[TRY IT]
The task requires repeating, word for word, the lines from the one with "Includes: Original Box, Original Case" through the end of the material, leaving out all pictures.

[DATASET EXTRACT]
________________
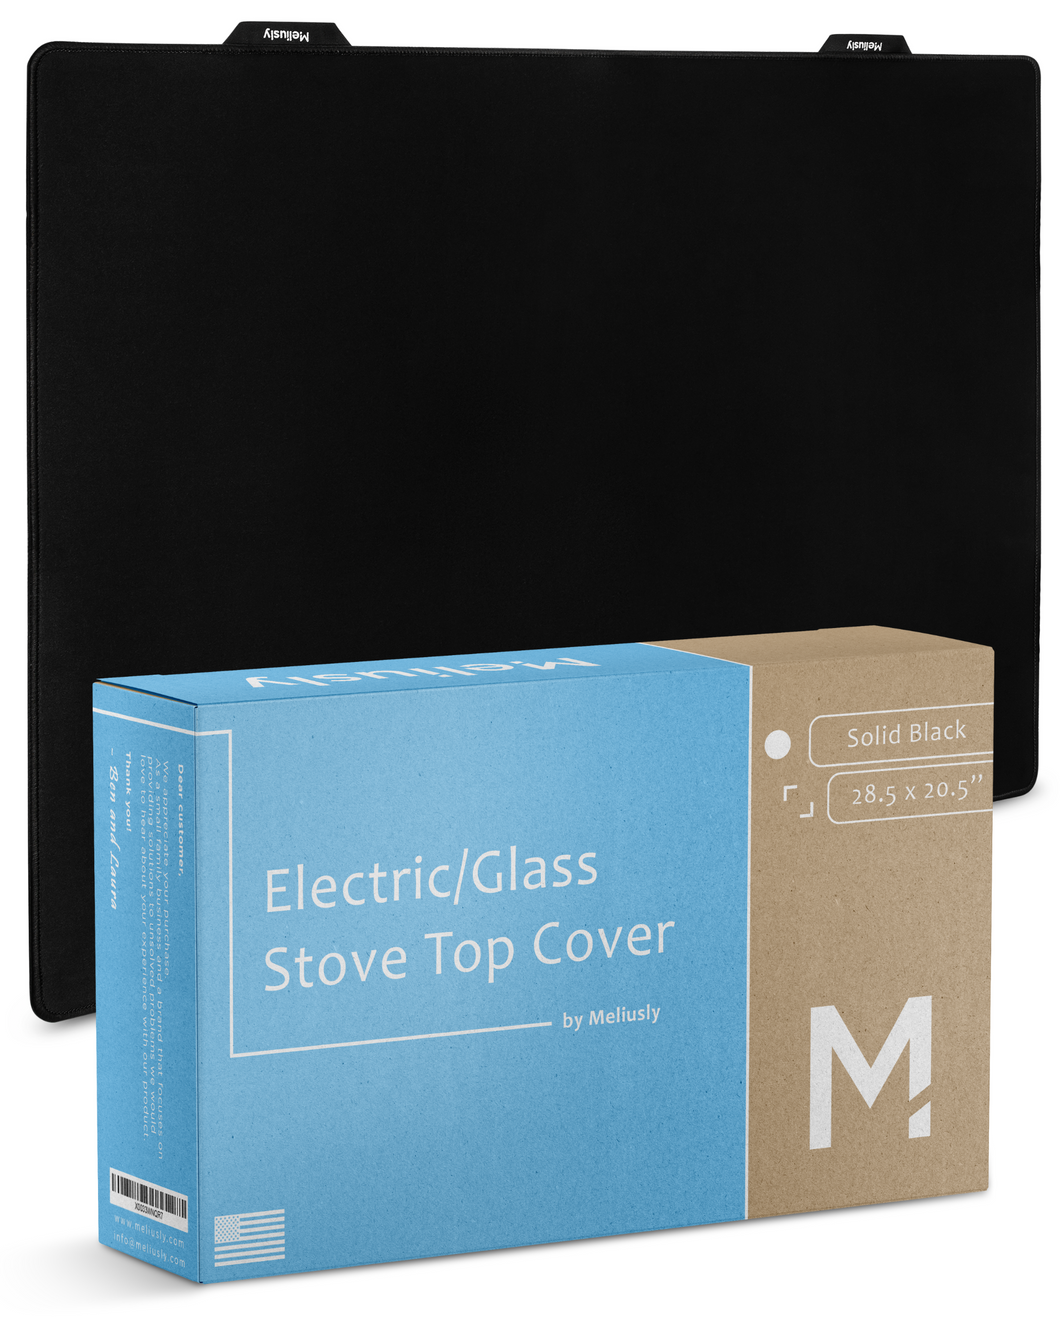 Stove Top Covers for Electric Stove - Electric Glass Top Stove Cover
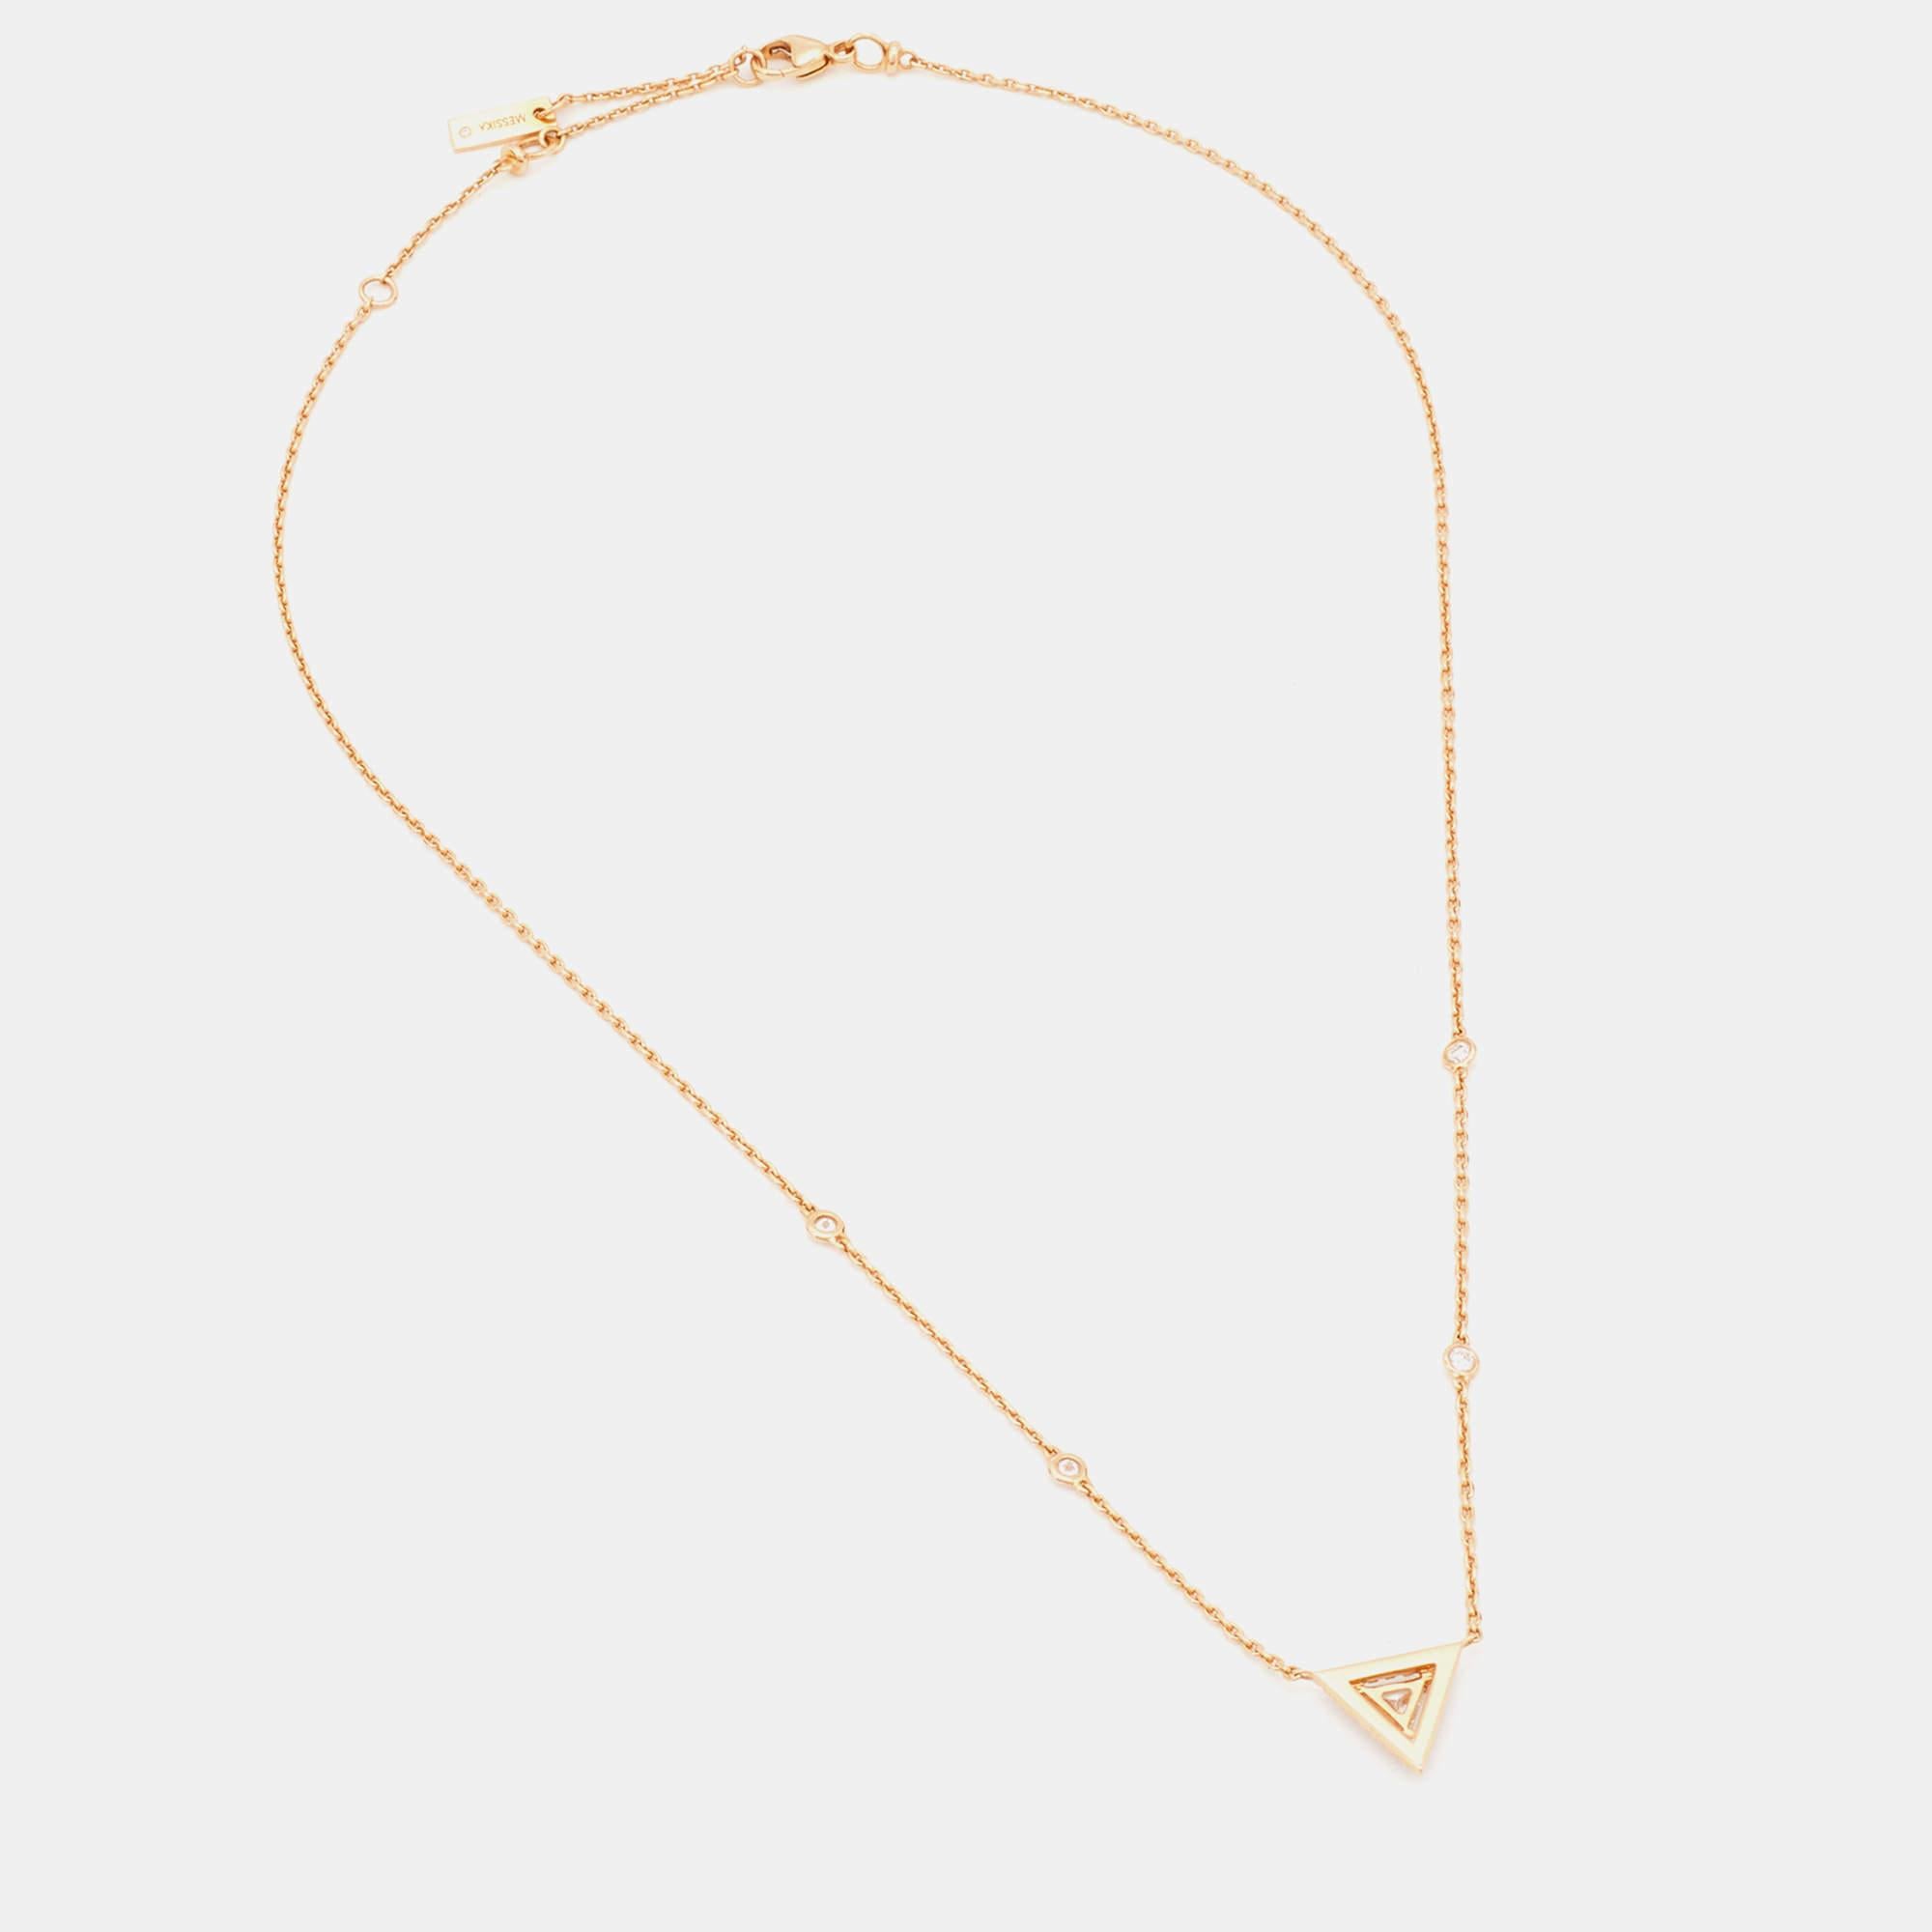 The fine workmanship, use of precious metals, and unique appeal make this designer necklace for women a fabulous purchase. It's a worthy investment.

Includes: Original Box, Original Case

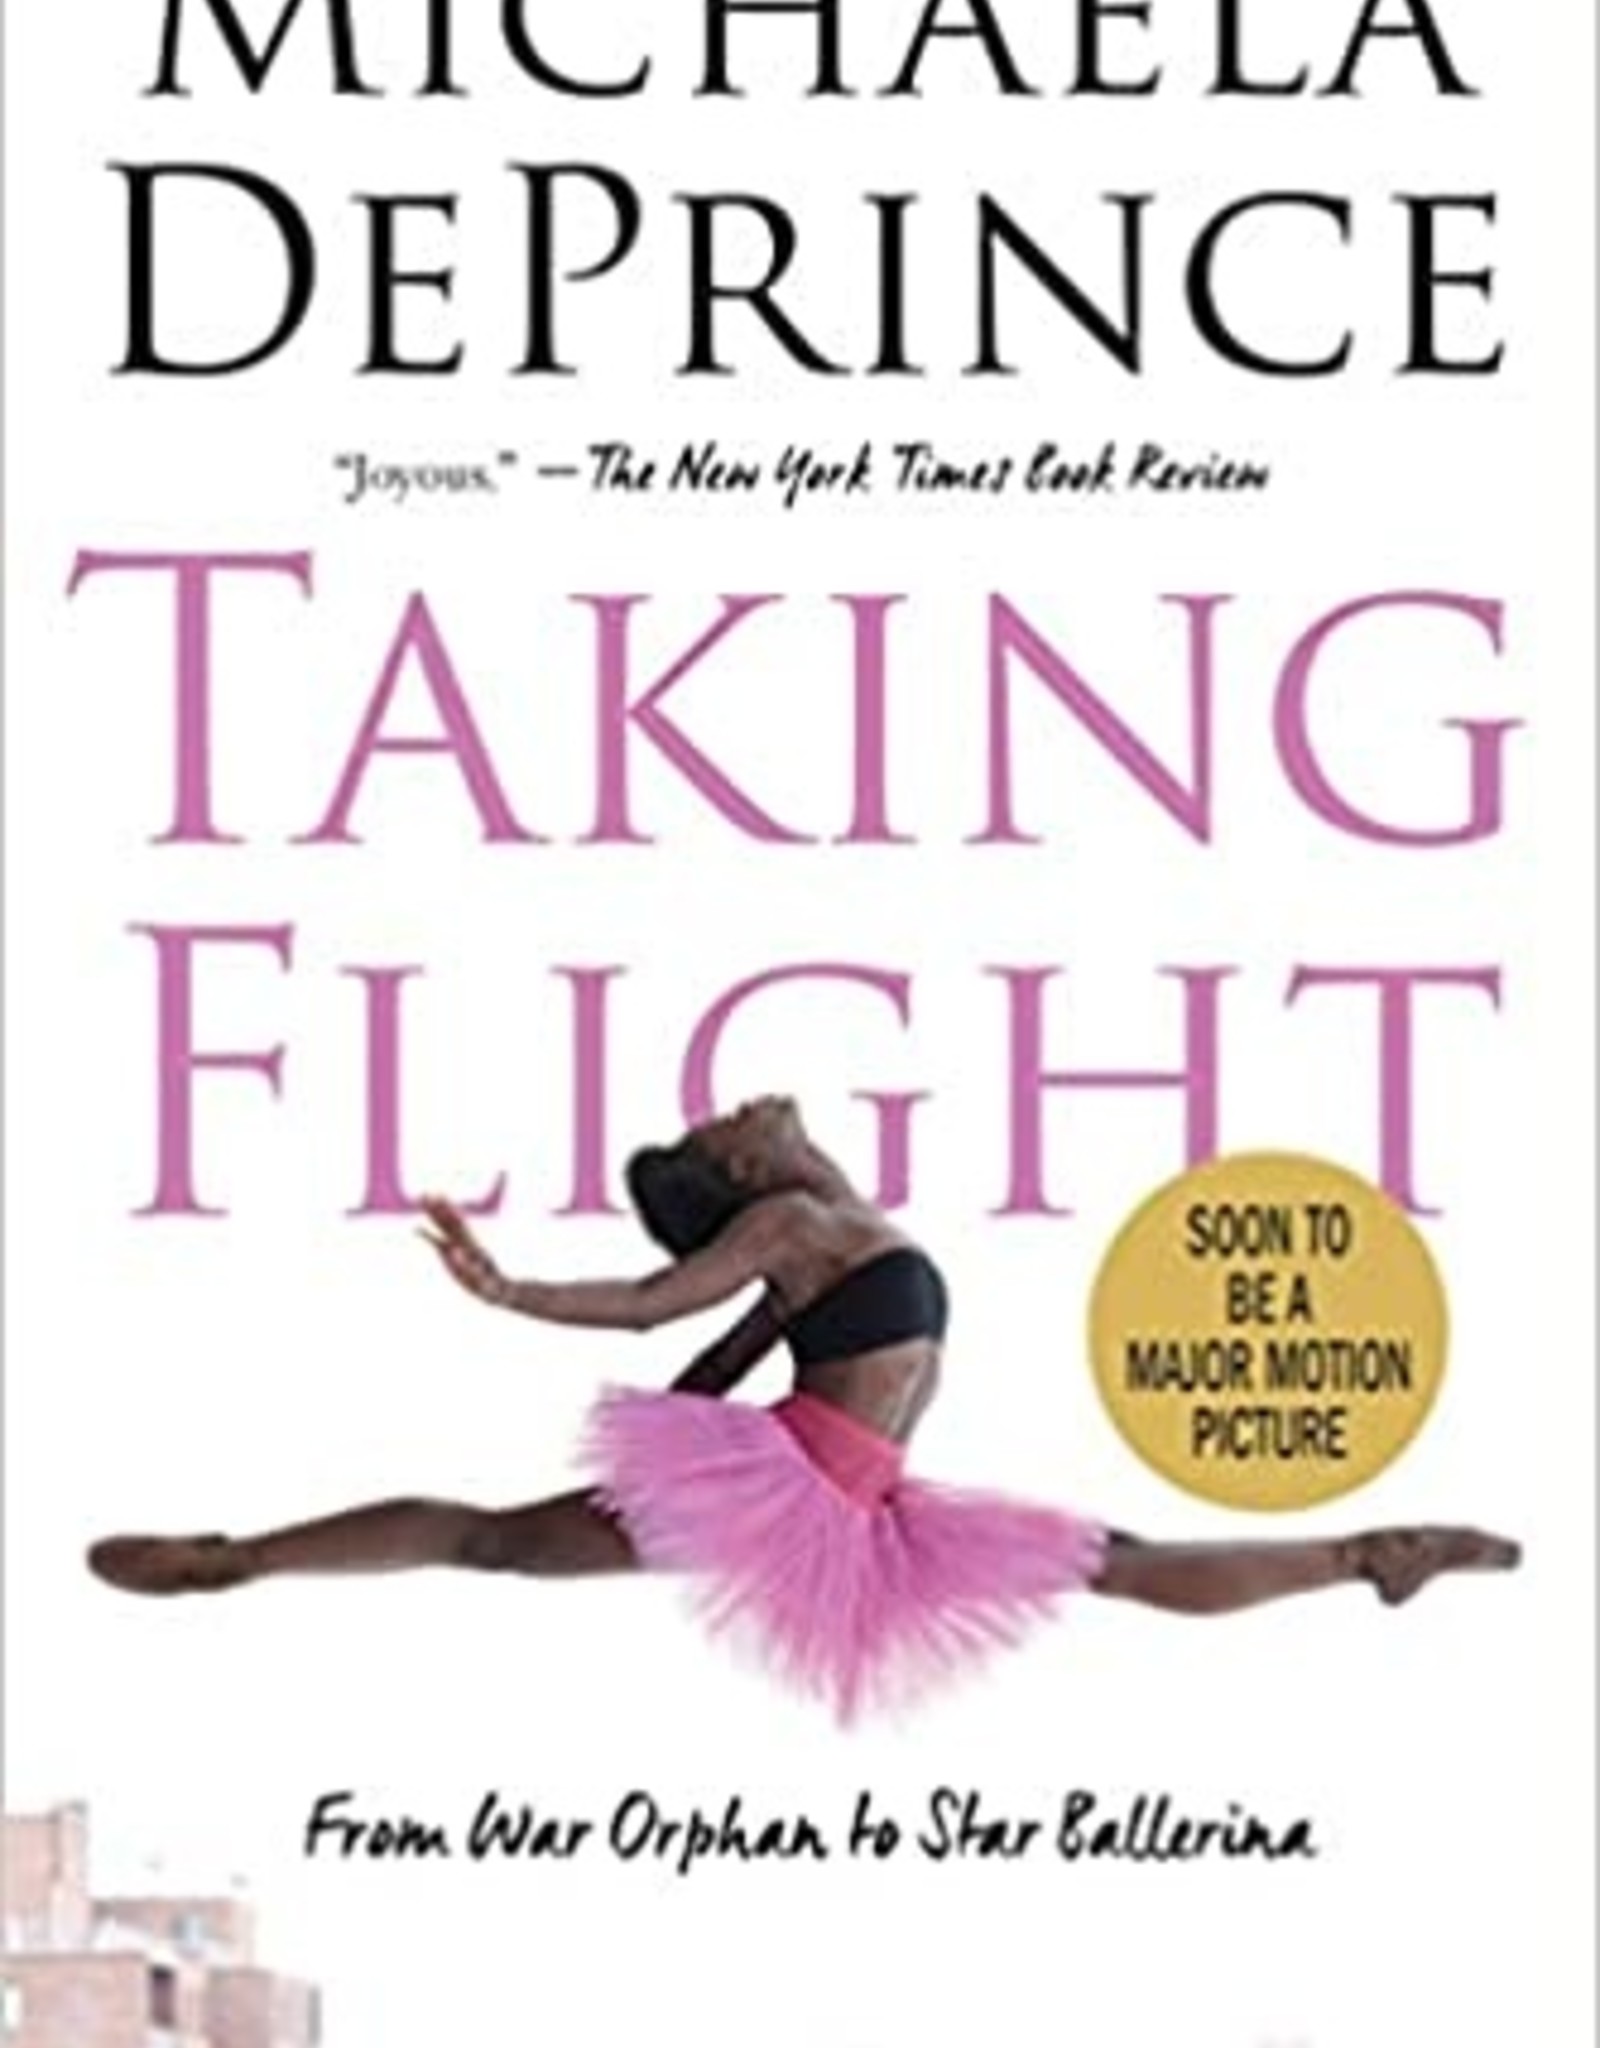 Taking Flight "From War Orphan To Star Ballerina" Soft Cover Book
________________
[EXERCISE OUTPUT]
Includes: Original Box, Original Case

 Taking Flight "From War Orphan To Star Ballerina" Soft Cover Book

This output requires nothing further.